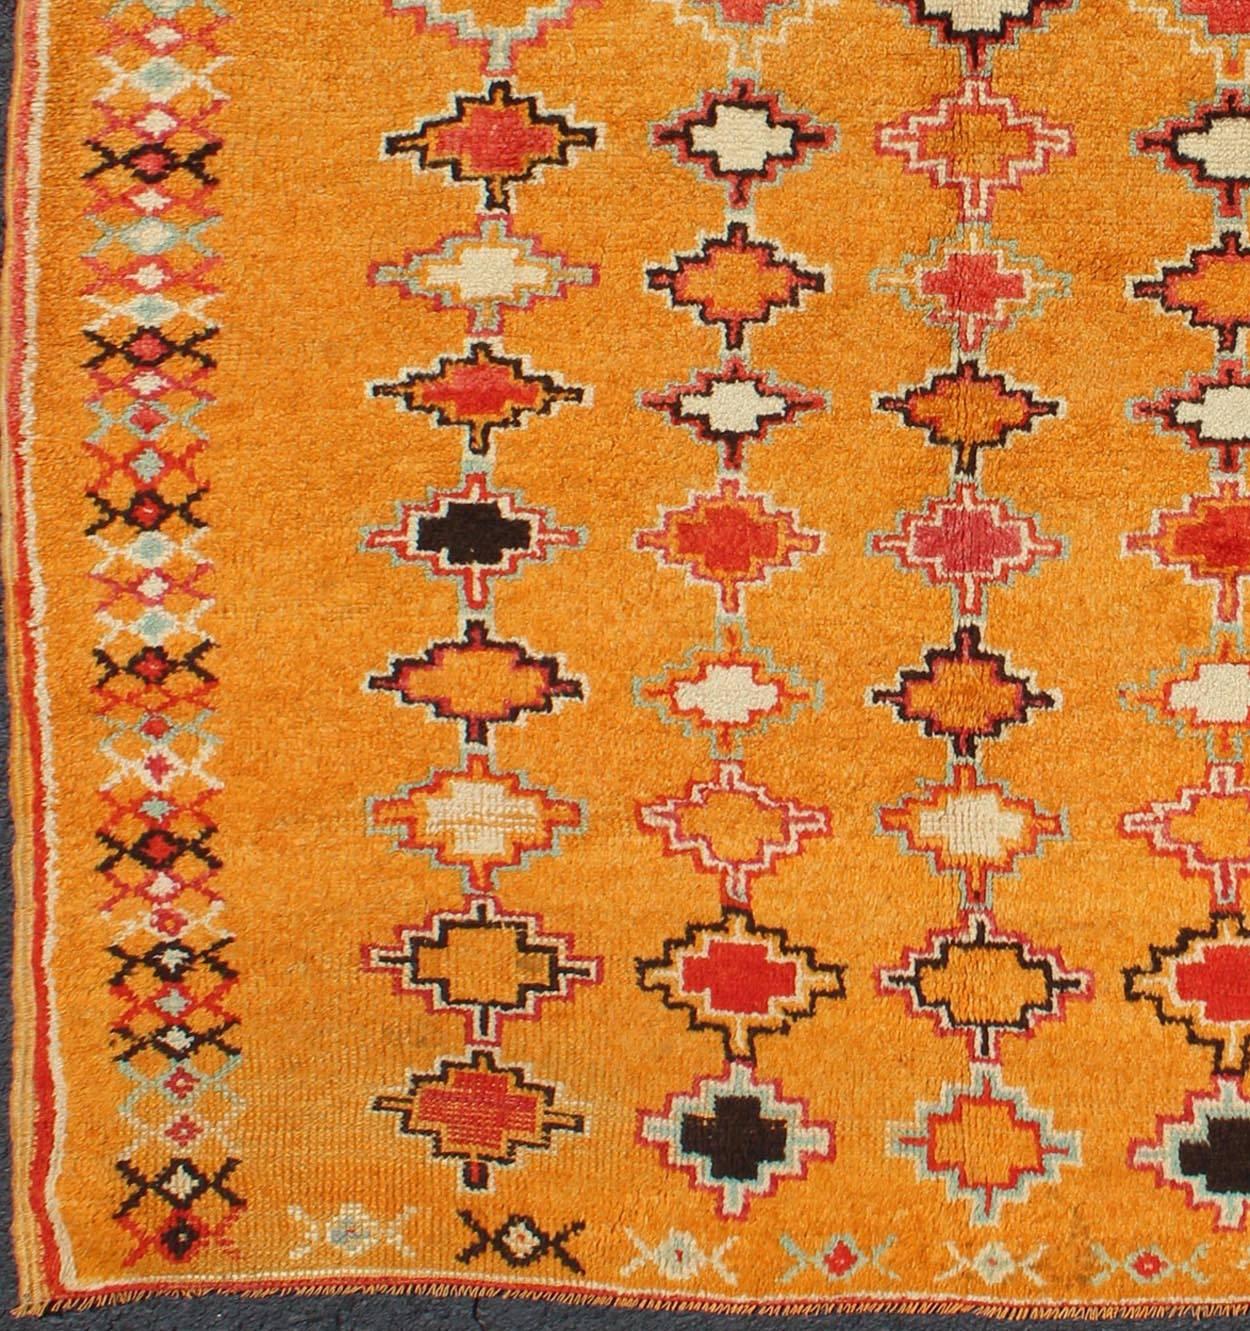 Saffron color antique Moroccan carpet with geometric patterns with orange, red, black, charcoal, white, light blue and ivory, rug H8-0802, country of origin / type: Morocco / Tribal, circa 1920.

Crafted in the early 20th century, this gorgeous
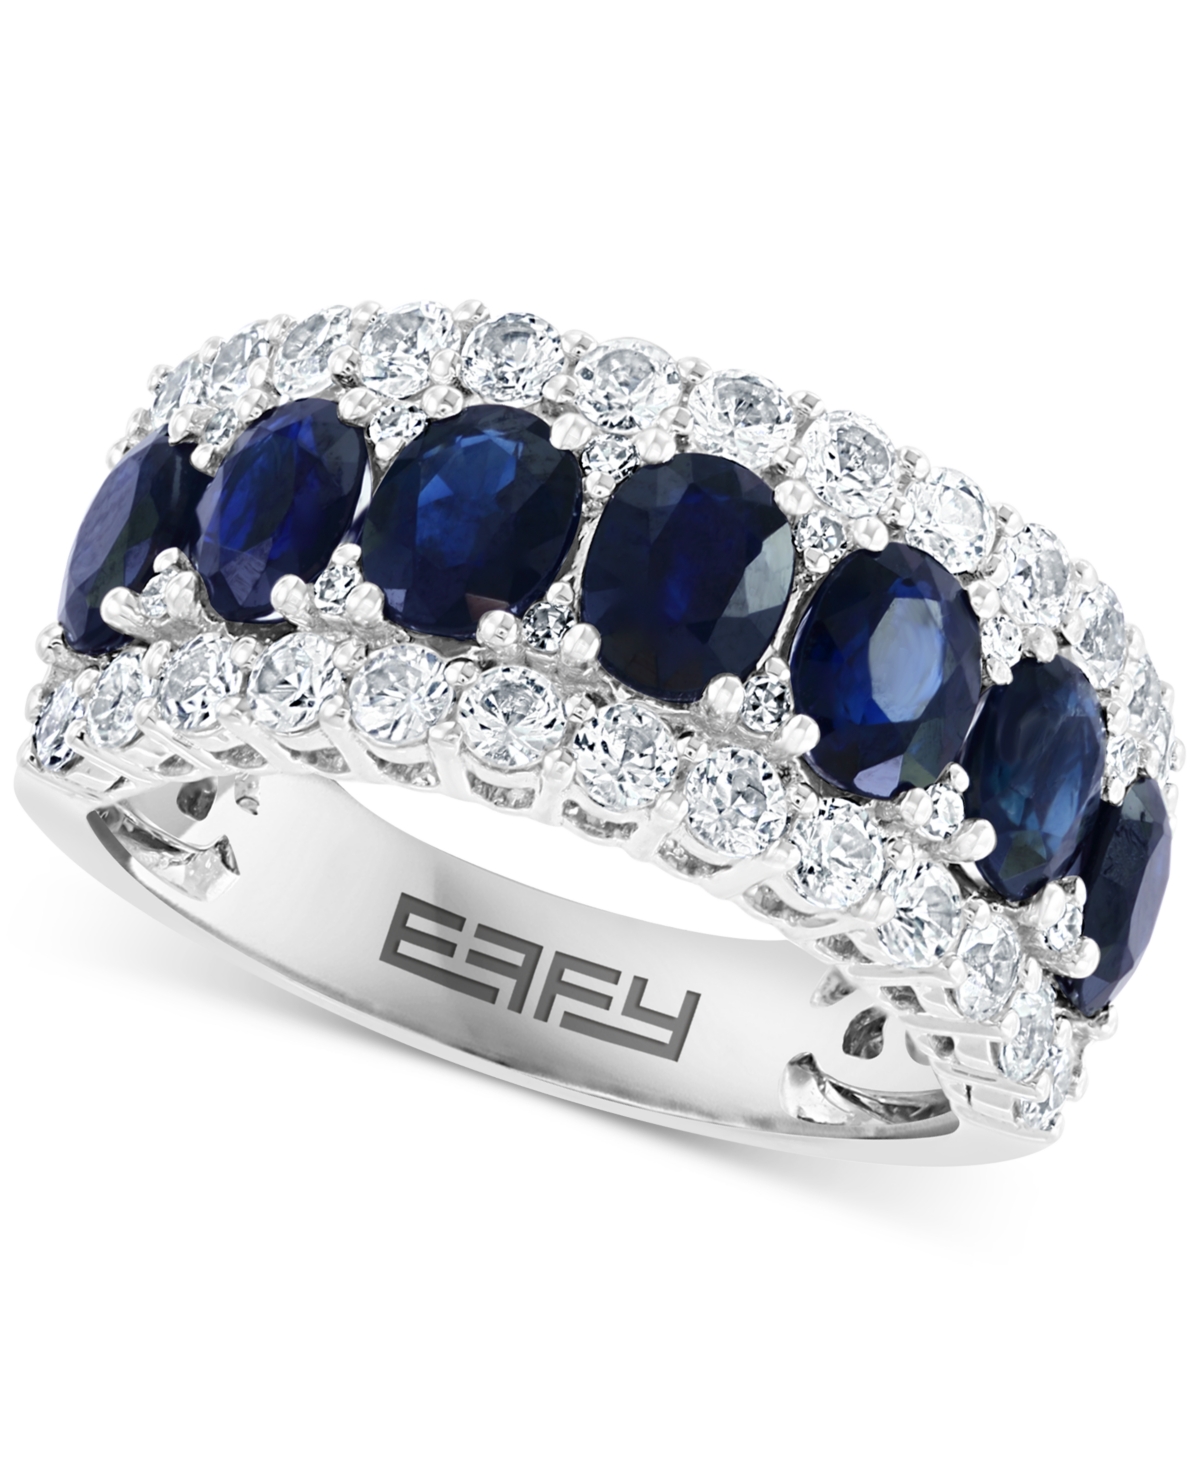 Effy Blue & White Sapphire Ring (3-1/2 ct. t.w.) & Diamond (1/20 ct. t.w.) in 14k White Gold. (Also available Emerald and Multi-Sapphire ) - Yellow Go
---
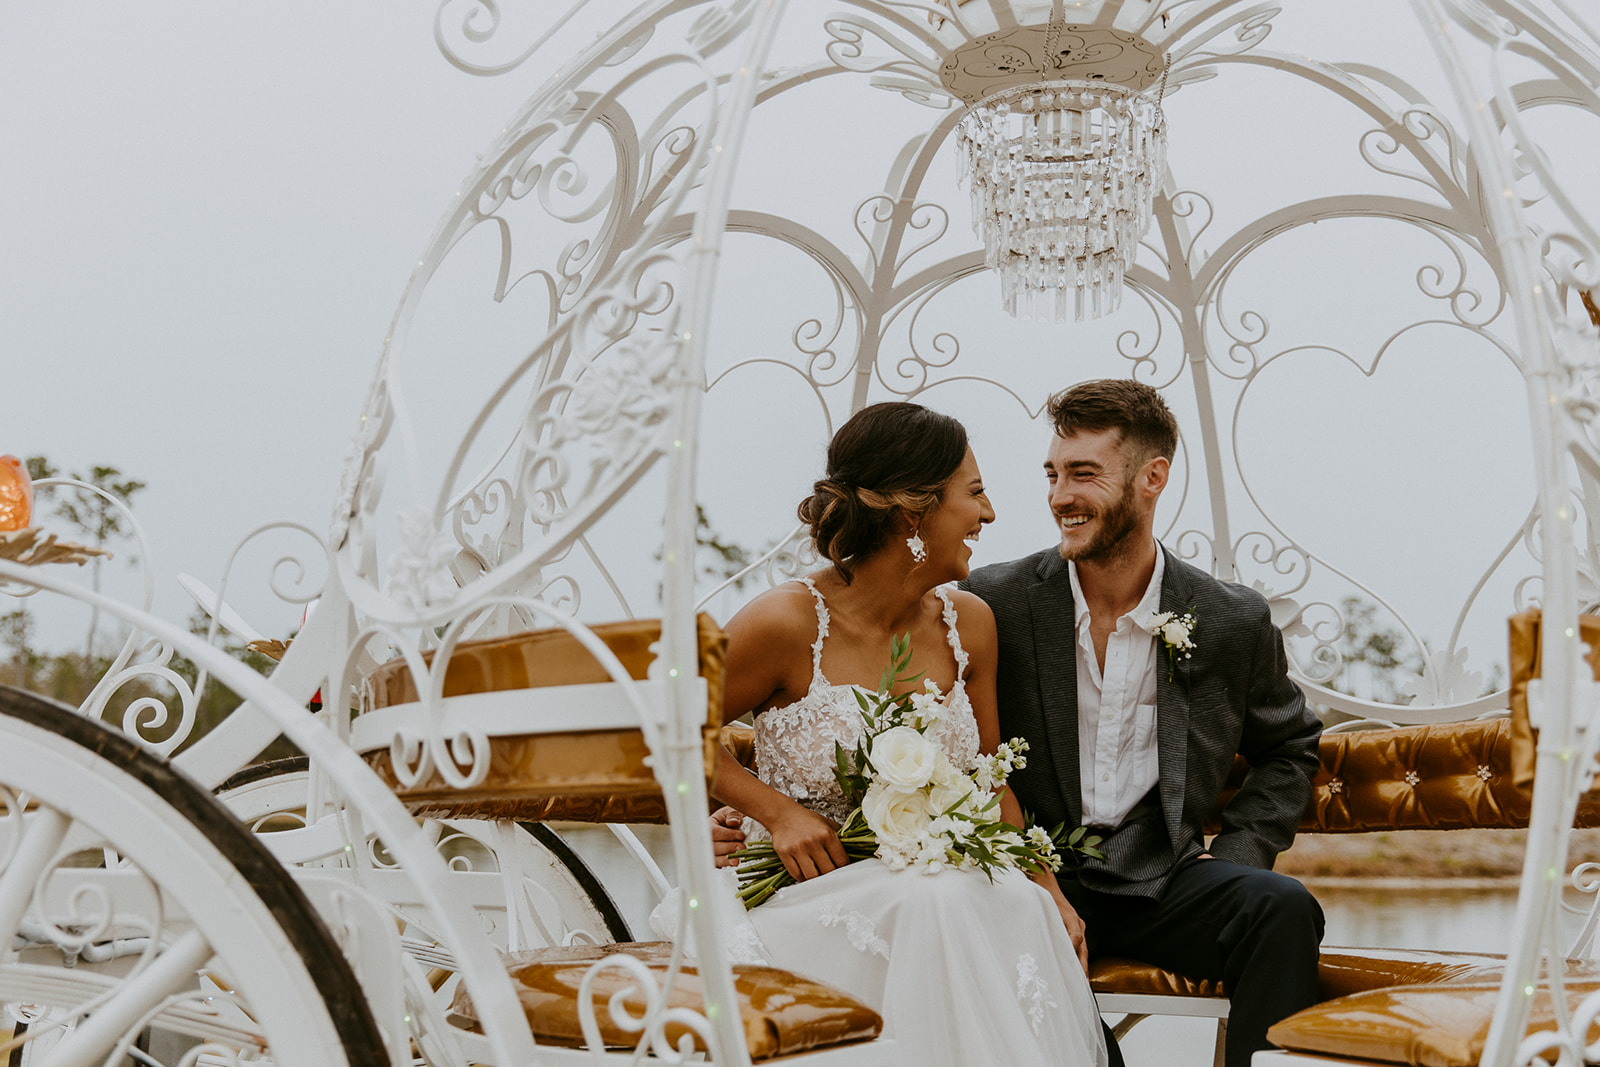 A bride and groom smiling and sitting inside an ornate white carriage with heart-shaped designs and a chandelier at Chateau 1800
---
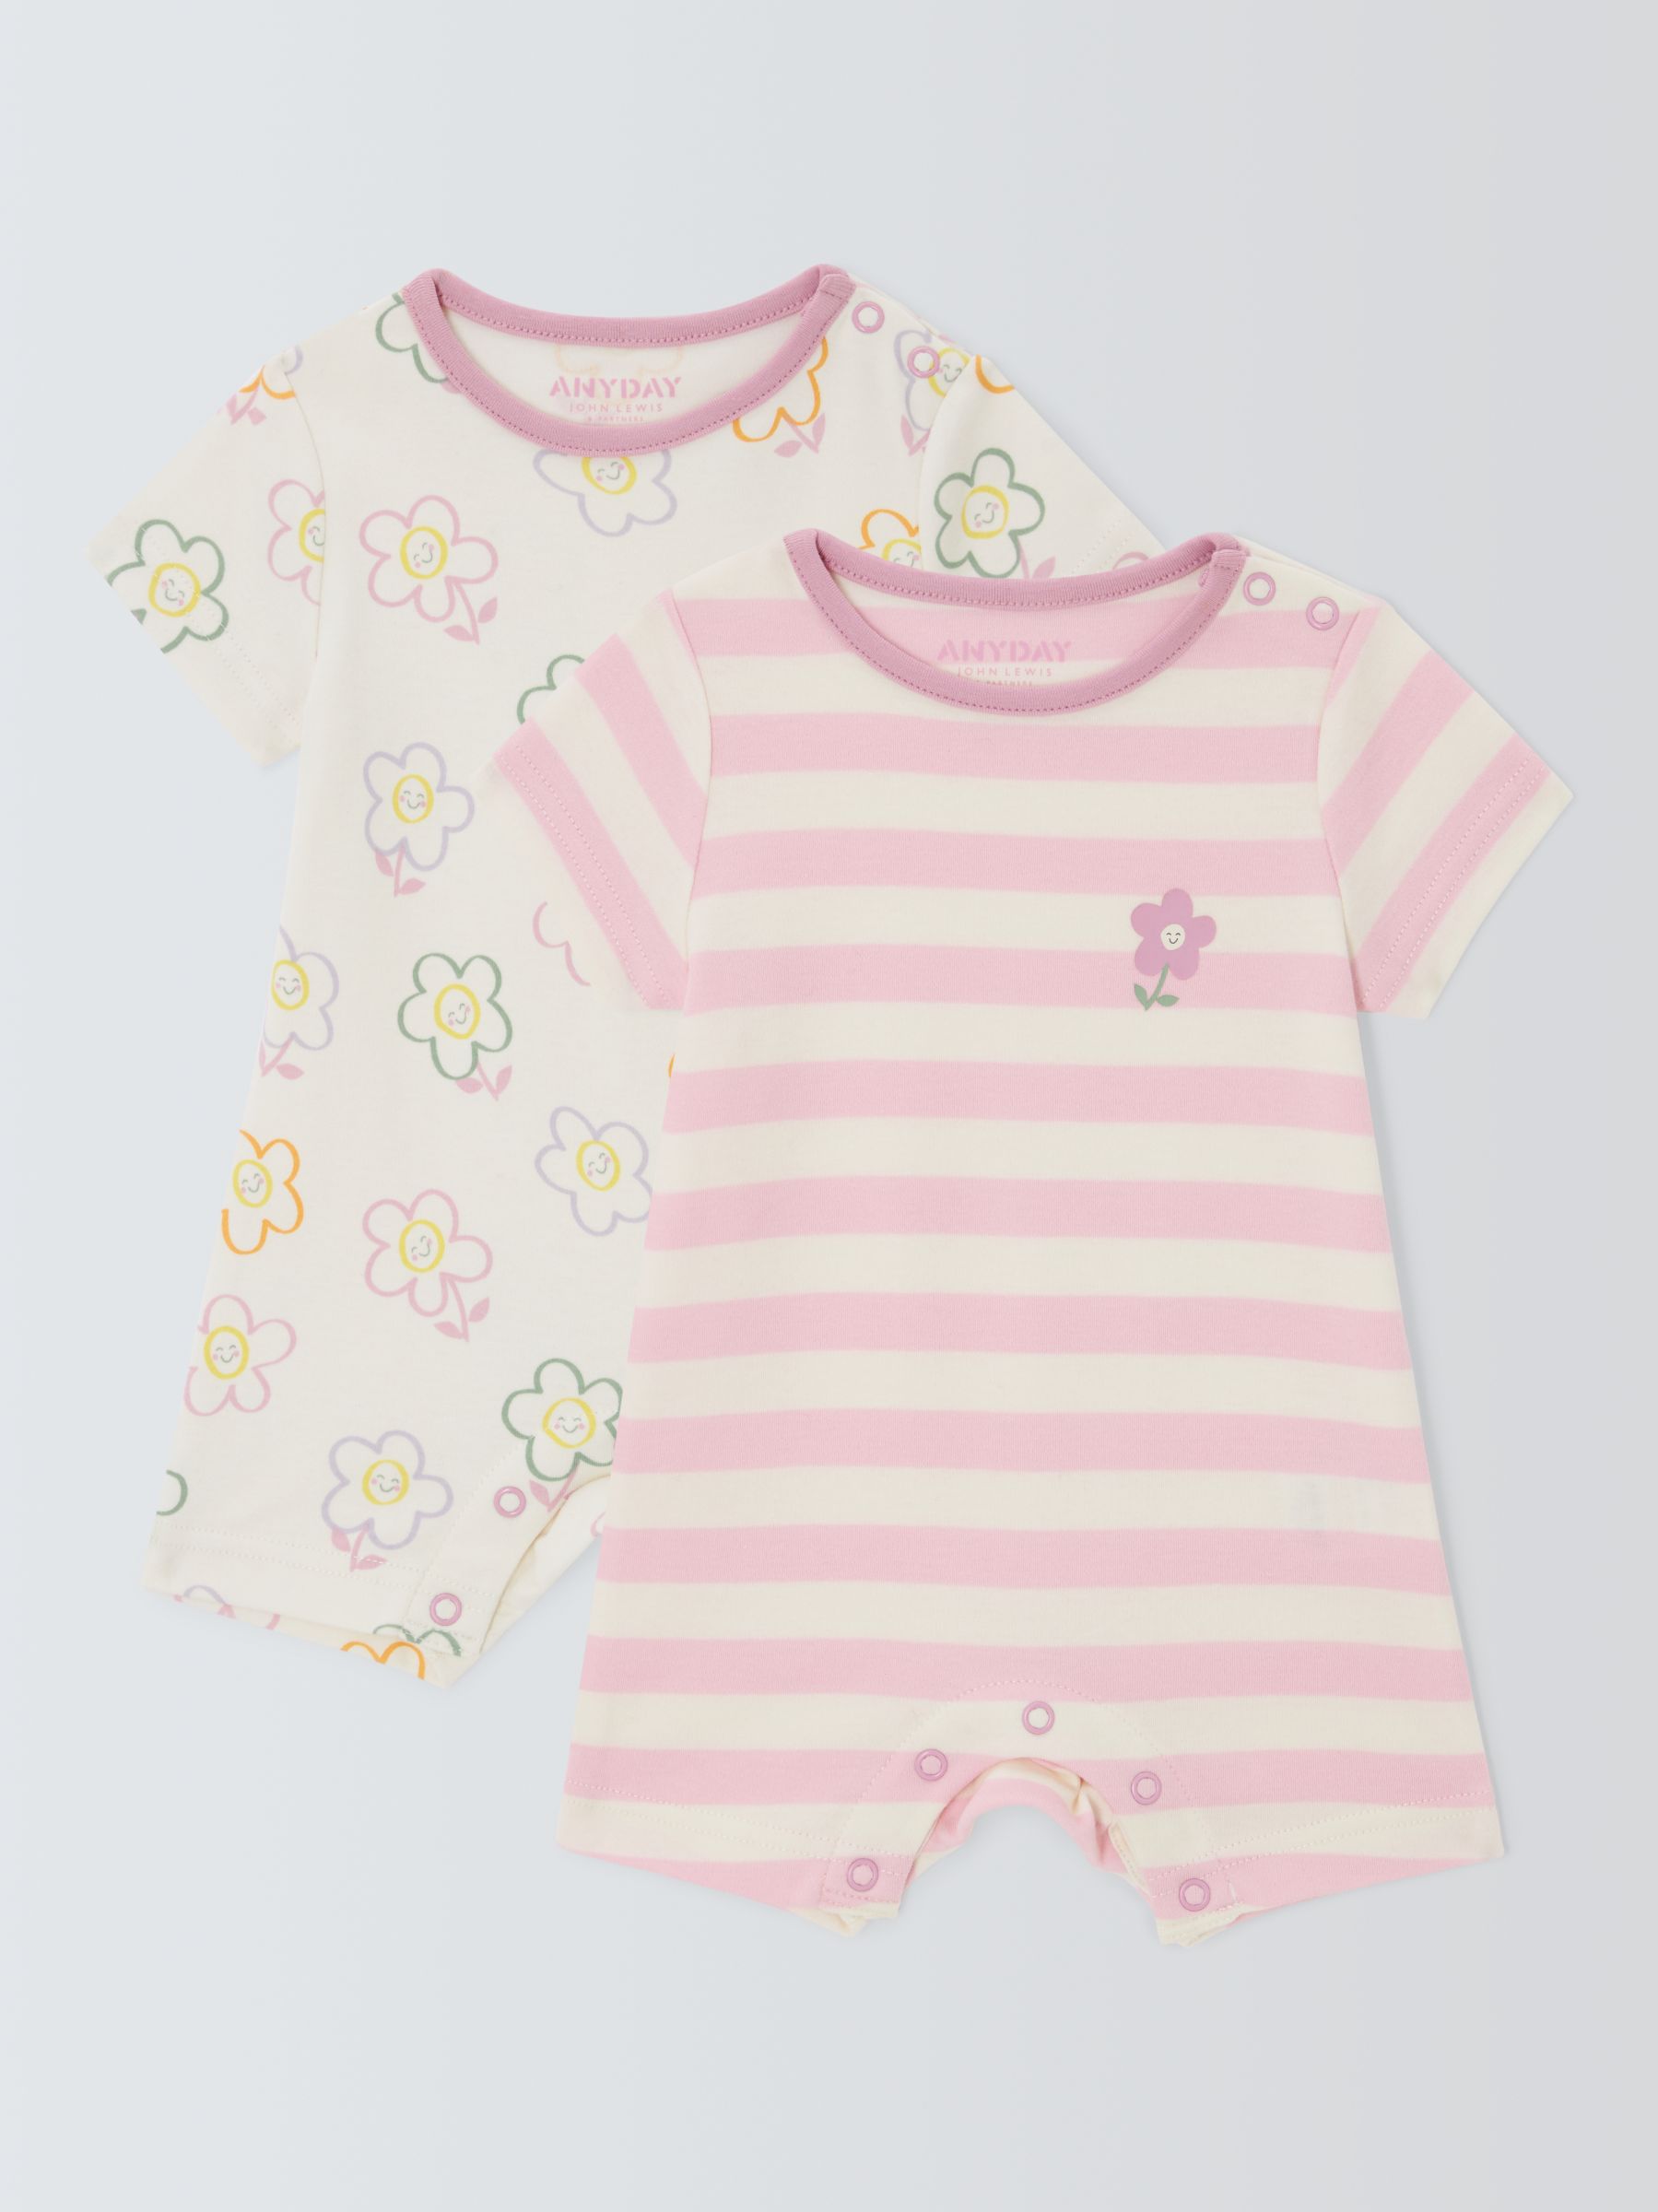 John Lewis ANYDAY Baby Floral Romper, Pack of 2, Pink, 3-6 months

- _What to do_: Look through the material above. Transcribe exactly the lines between the ones with "Saffron color antique" and "Effy Blue &", inclusive, and keep pictures out.

- _Answer to this task_:
 Saffron color antique Moroccan carpet with geometric patterns with orange, red, black, charcoal, white, light blue and ivory, rug H8-0802, country of origin / type: Morocco / Tribal, circa 1920.

Crafted in the early 20th century, this gorgeous
 Effy Blue & White Sapphire Ring (3-1/2 ct. t.w.) & Diamond (1/20 ct. t.w.) in 14k White Gold. (Also available Emerald and Multi-Sapphire ) - Yellow Go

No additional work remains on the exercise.